Above: The front wheel all cleaned up and ready for the new Kenda Gum-Walls to arrive. Both front and rear hubs have oil ports. I am a huge fan of oil ports. I like the idea of the average "not-mechanically inclined" Joe being able to lube anything without having to take it apart first. I guess that`s why I like the self adjusting levers as well.
Above: The "Self-Adjusting" levers cleaned-up real nice. If you take one of these apart for the first time, leave the other one together for a reference. I`m glad I did. There is a little drop-in piece that I assume turns the little cog.(or holds the cog in place after it has advanced ) It fell out before I even got a look at where it was. So I carefully took the other one apart to see how it drops in. I should have gotten a pic of that. My mistake. At any rate, they do work. I remember that from the Raleigh Sprite. When you squeeze the lever something (maybe the little clip) turns the little cog which takes the excess slack out of the cable. I think it only does this when the lever is pulled-in farther than it would normally if the cable were tight. Very cool (:
Above: I think this is the original Sturmey Archer shifter. It looks pretty nifty after all surface rust has been removed. It had not been polished yet when this pic was taken. I ordered a replacement cable. But this one is in such fine shape I decided not to replace it. I did clean up the adjuster-end of the cable. I think I have a pic of that I can squeeze in here. (see below) The shift cable on a Sturmey Archer 3 speed is not under a great deal of tension. It is for this reason that I feel confident not replacing the existing cable that looks to be in "near perfect" condition. I did however lubricate the cable housing with a three or four drops of clean electric motor lube. I also put the same light oil on the linkage chain at the business end of the cable. And wiped off the excess with a clean rag.
Above: The surface rust on the bars and stem came off easily using a SOFT brass wheel brush (on 4&1/2inch angle grinder)and a brass detail brush and lots of Turtle-Wax Chrome/Cleaner/Polish & Rust Remover.
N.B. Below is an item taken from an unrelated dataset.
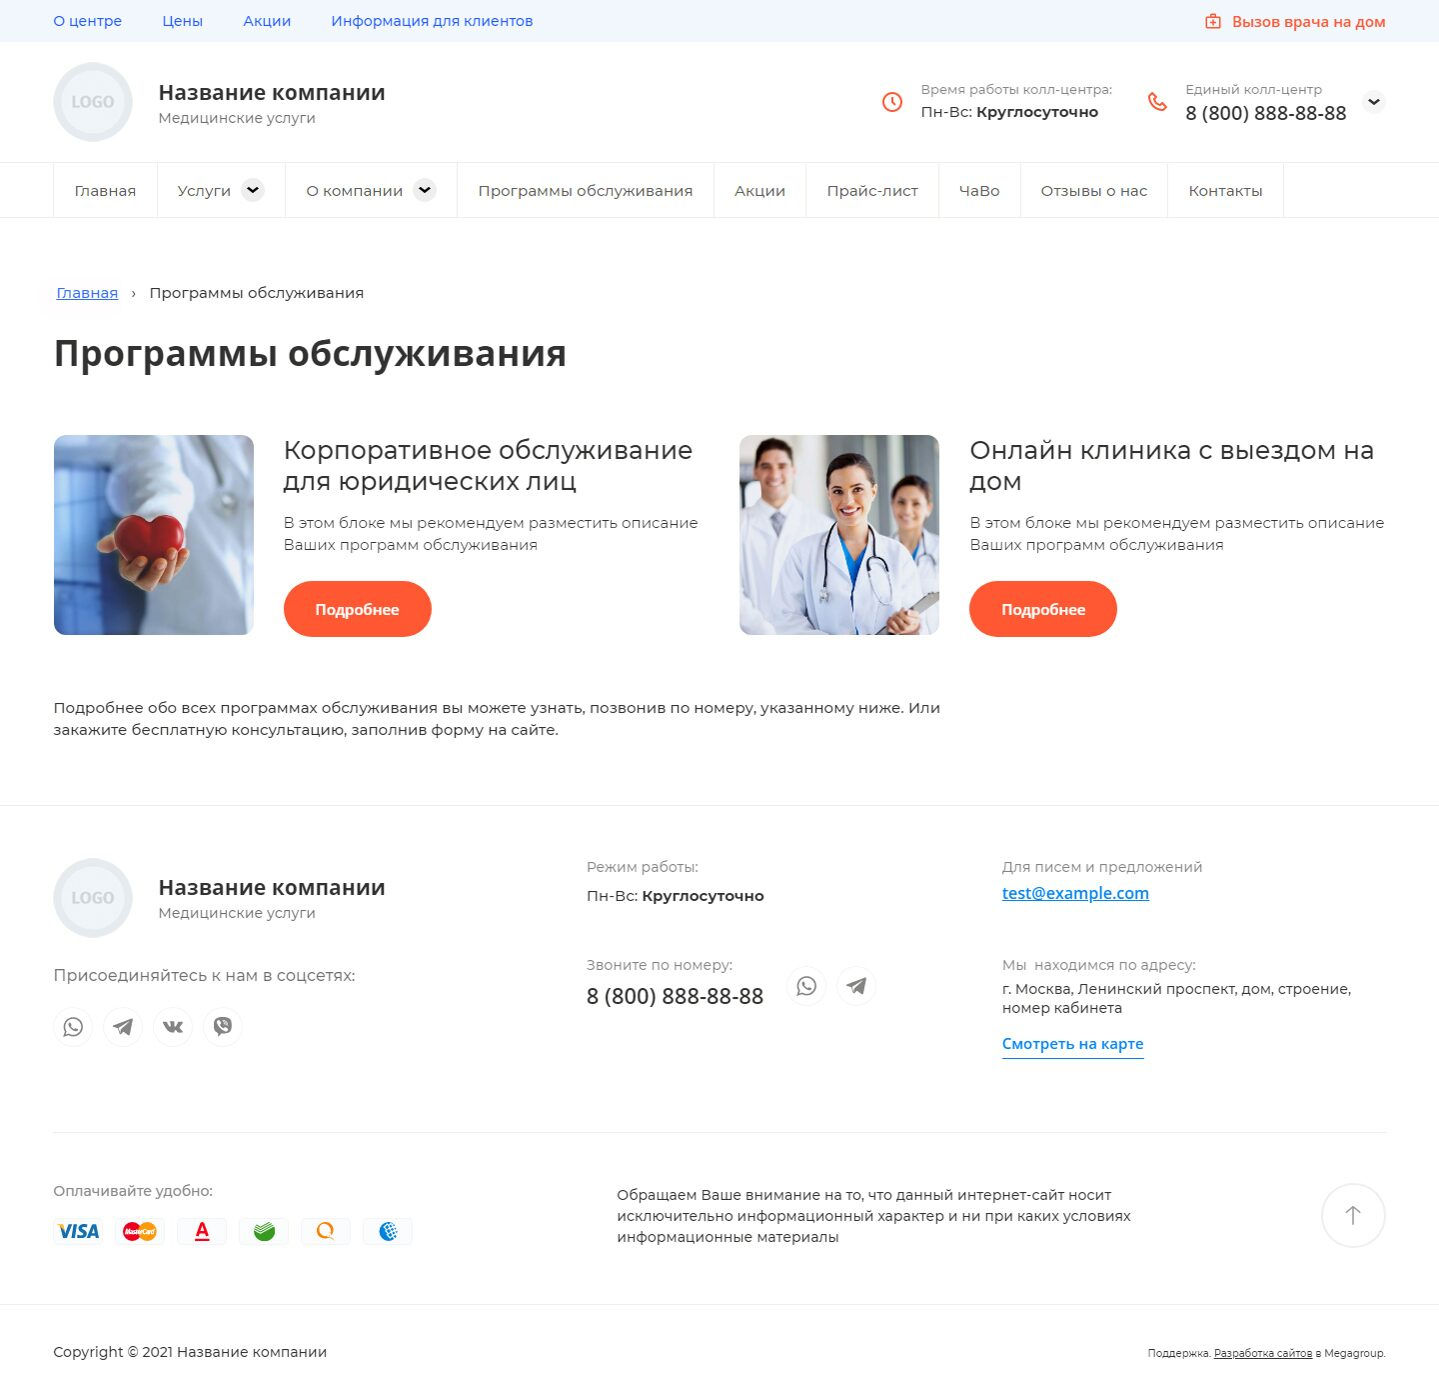 Готовый Сайт-Бизнес #3031299 - Многопрофильный медицинский центр (Программы обслуживания)

The Turtle-Wax is almost gone, I`ll be trying the Mother`s Chrome Cleaner Polish Next. I have been told the bracket with the Heron on it was originally a mount for a specific type headlamp. Maybe one of our friends "across the pond" can confirm this. Whatever it is for, it looks really cool.
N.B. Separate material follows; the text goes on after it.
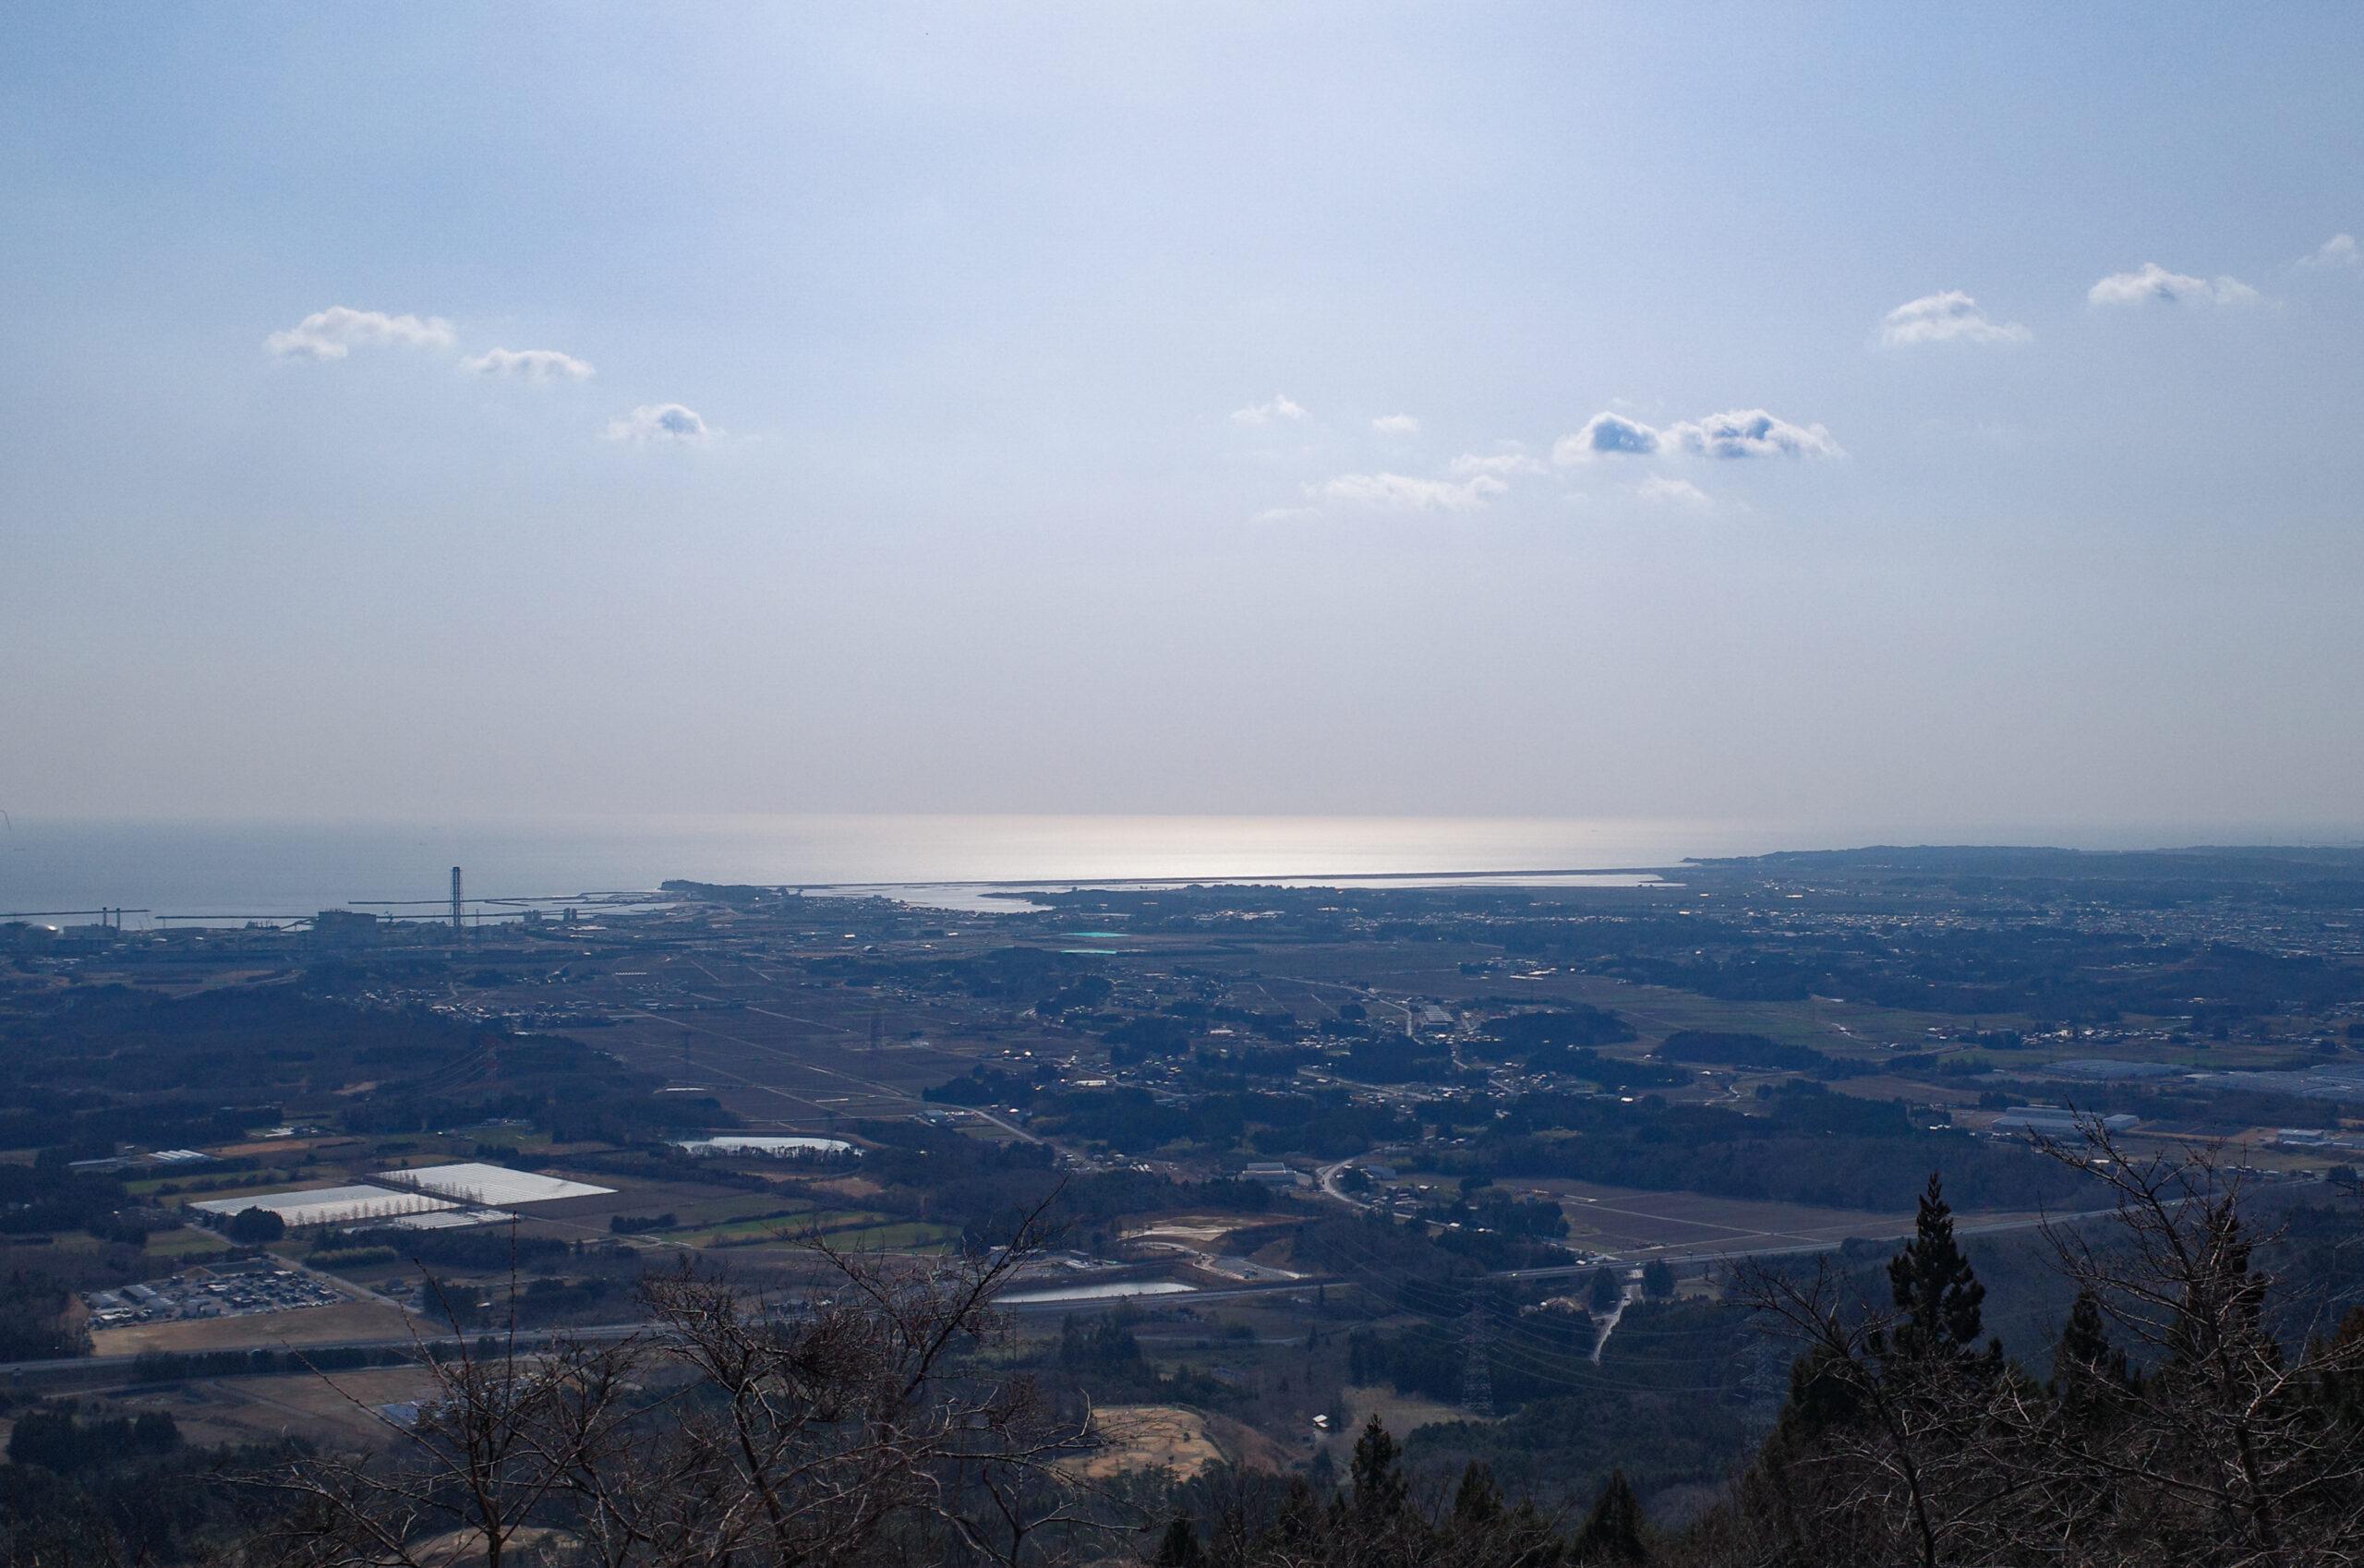 鹿狼山から松川浦を望む

Above: This is pretty much where I am at with the Raleigh right now. Since this photo was taken I have cleaned-up the chain. I also have been experimenting with the touch-up paint. Trying to come up with the best color match. I have ordered the tires Kenda 26 x 1-3/8 Gum-Walls with the old style tread. Also (at the owners request) some "Mr Tuffy" tire-liner. I wonder if there is going to be ample room for the inner-tubes now. I could see a little "accordion effect" on the tubes when I removed the tires. It may have been caused by not inflating the tires properly. After mounting a new tire I inflate the tire to about 20 or 30 psi psi. I check the bead, then deflate the tire, and then pump it back up up to about 75%max inflation. Then I re-check the bead if the bead (seal) if it looks good (even) I then pump it up to desired inflation. Sometimes if I suspect, or am not confident the seal is good, I`ll leave the psi at 75% for a day or two.
Above: One of the new additions to the garage/shop this winter is this commercial light-stand. An old friend recently purchased my mortar mixer. He was just a little too low on his bid. So I requested he include this light-stand. It has been a real God-send. As requested by one of my readers I will be doing a post soon about some of the must have tools around the shop. Till next time, HAPPY NEW YEAR!
As always, RIDE SAFE and remember to always RESCUE, RESTORE & RECYCLE

Thursday, December 23, 2010

Raleigh Sports / Schwinn La Tour mixte / cotter pin removal

Hello and Welcome. Wintertime, and the live`n ain`t easy. Now I got this song stuck in my head, "Summertime and the Living is Easy". Lately I have been hearing the snowmobiles going by while working in the shop late at night. It`s only  been officially winter for two days, and I am already yearning for spring. In an attempt to embrace winter. I went ice skating in Central Park yesterday. Not THE
"Central Park" This Central Park is in Milford Mi. Only the second time I have been on skates since I quit playing hockey some 30+ years ago. Enough about winter. It`s time to get caught-up on what`s been going on (and not going on) in the shop/garage these past few weeks.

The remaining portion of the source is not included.